Mosforth began his career at Sheffield Albion and made his debut at 14 but was famous for swapping sides and profiteering from his play. As an amateur player he was allowed to play for more than one club under FA rules at that time, although like many players Mosforth probably received some sort of payment for his services. One anecdotal story says that when he ran onto the pitch in Hallam colours someone in the crowd shouted "10 bob and free drinks, Billy, if you'll change your shirt". He promptly ran back to the dressing room and returned in a Sheffield Wednesday shirt. Despite this he was selected to play for the Sheffield Football Association in 1876 at the age of 18.

Signing for The Wednesday in 1878 Mosforth would remain with the club for almost a decade, scoring their first ever goal at their Olive Grove ground, but continued to play for a number of other local teams during that period. In 1879 he played for The Zulus a touring side created to aid families of casualties of the Zulu War. The side became embroiled in controversy when it was revealed that the players were to make money themselves (a practice illegal at the time). Like many of the Wednesday players who were involved in the Zulu team, Mosforth was also one of the players who pushed them into becoming professional team. He played for the break-away team (Sheffield Rovers) that intended to become Sheffield's first professional side, but he returned to the Wednesday fold after professionalism was agreed upon.

After leaving The Wednesday he was amongst the first players to answer the advertisement asking for players to form the new Sheffield United team that were placed in the local press. He duly signed for the new club and remained at Bramall Lane for one season (prior to their entry into The Football League), having the distinction of scoring United's first ever goal at the ground and of being one of the first players to play for both leading sides in the city.
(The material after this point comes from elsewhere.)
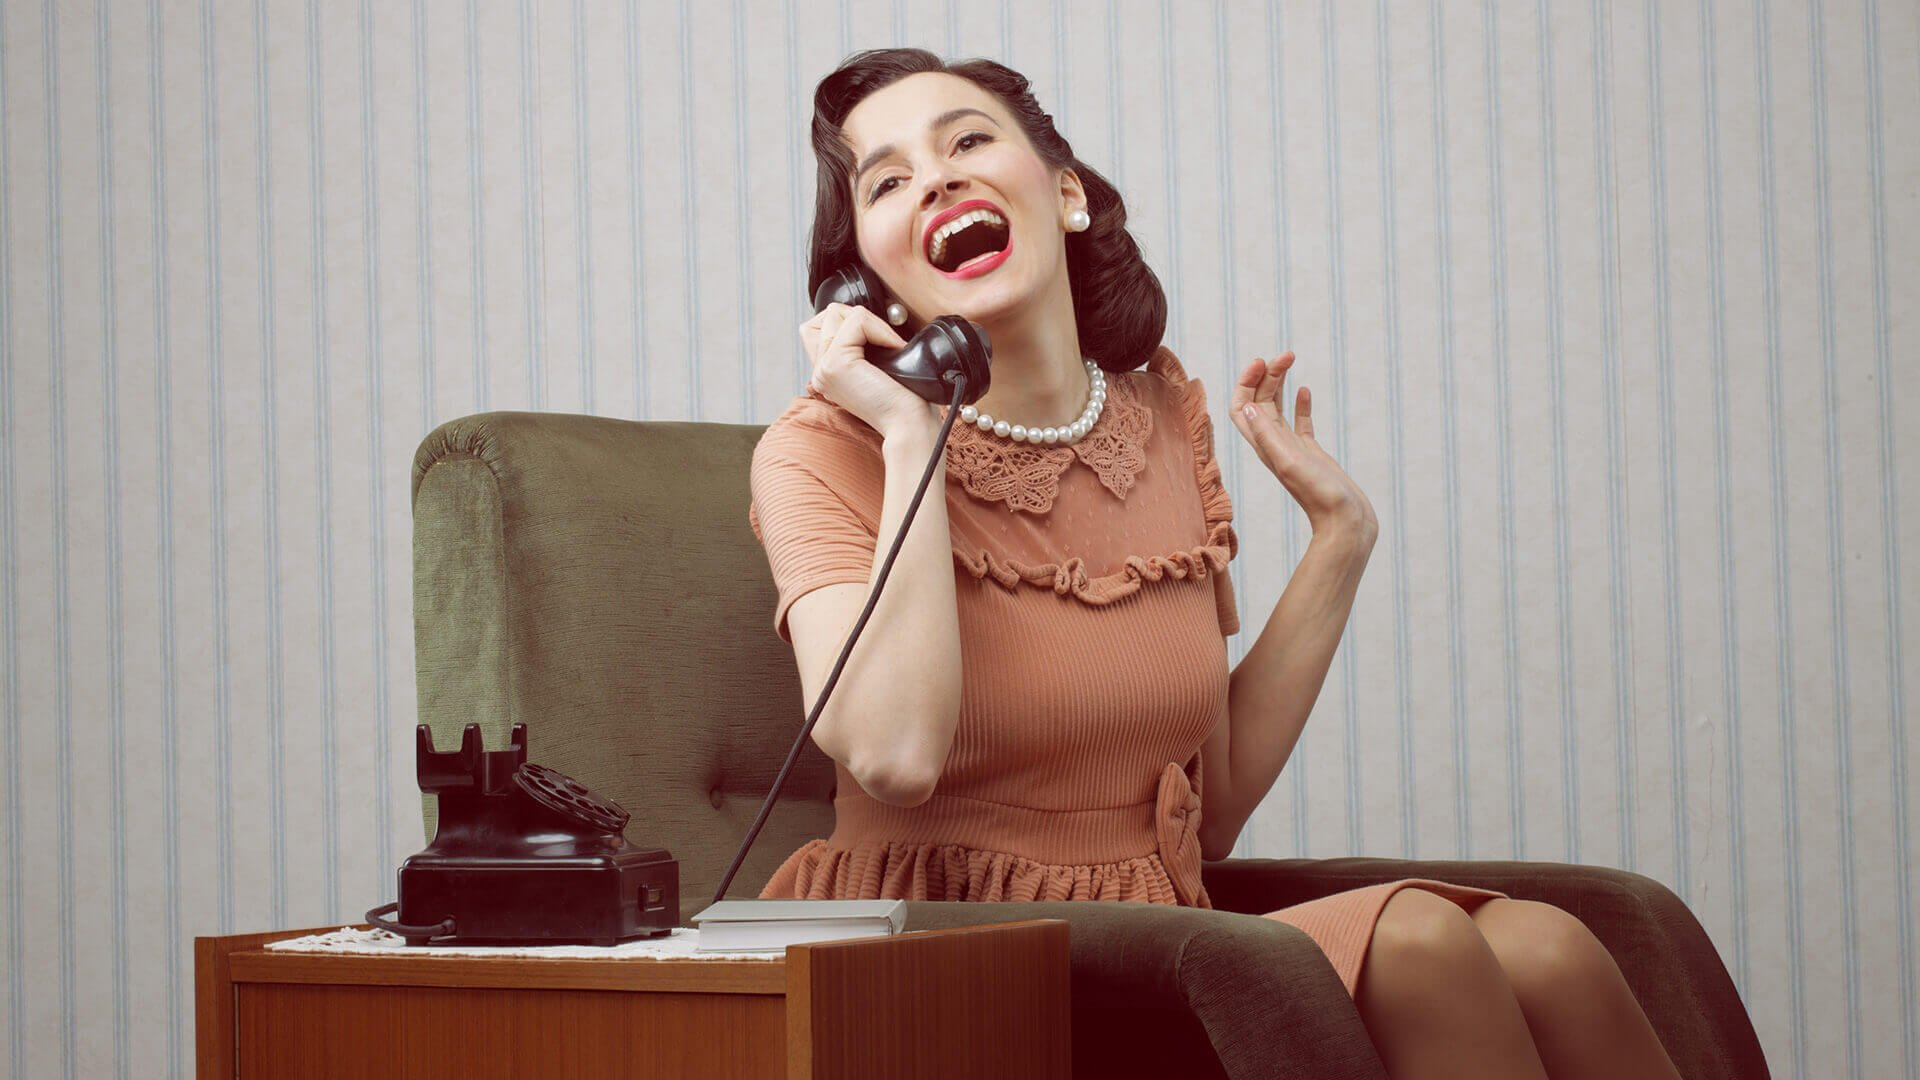 real-moxie-phone-call

Mosforth was also the first Blades player to be 'substituted' during a match (before substitutes were permitted) when a teammate was late arriving for a game against Bolton Wanderers, coincidentally the first game to be played under floodlights, meaning that Mosforth was asked to fill in until his teammate arrived.

==International career==
Mosforth made his debut for England in March 1877, appearing in a friendly against Scotland. He went on to play nine times for his country and scored three goals.

===International goals===

| # | Date | Venue | Opponent | Result | Competition | Scored |
|---|---|---|---|---|---|---|
| 1 | 5 April 1879 | Kennington Oval, London | Scotland | 5–4 | Friendly | 1 |
| 2 | 13 March 1880 | Hampden Park, Glasgow | Scotland | 4–5 | Friendly | 1 |
| 3 | 13 March 1882 | Racecourse Ground, Wrexham | Wales | 5–3 | Friendly | 1 |

==Records==
Billy Mosforth holds a number of records in the game, these are as follows:

First player to play for both Sheffield Wednesday and Sheffield United.

First player to score for both Sheffield Wednesday and Sheffield United.

Scored the first goal at Sheffield United's ground Bramall Lane.

First Sheffield United player to be 'substituted'.

Record England Cap holder at the time.

Played in the first professional game to be played under floodlights.

Scored Sheffield Wednesday's first ever goal at the Olive Grove

==Personal life==
Mosforth was an engraver by trade and was an all round athlete, competing in both flat and hurdle races and playing for Hallam Cricket Club. After he retired from playing Mosforth became a licensee in Sheffield.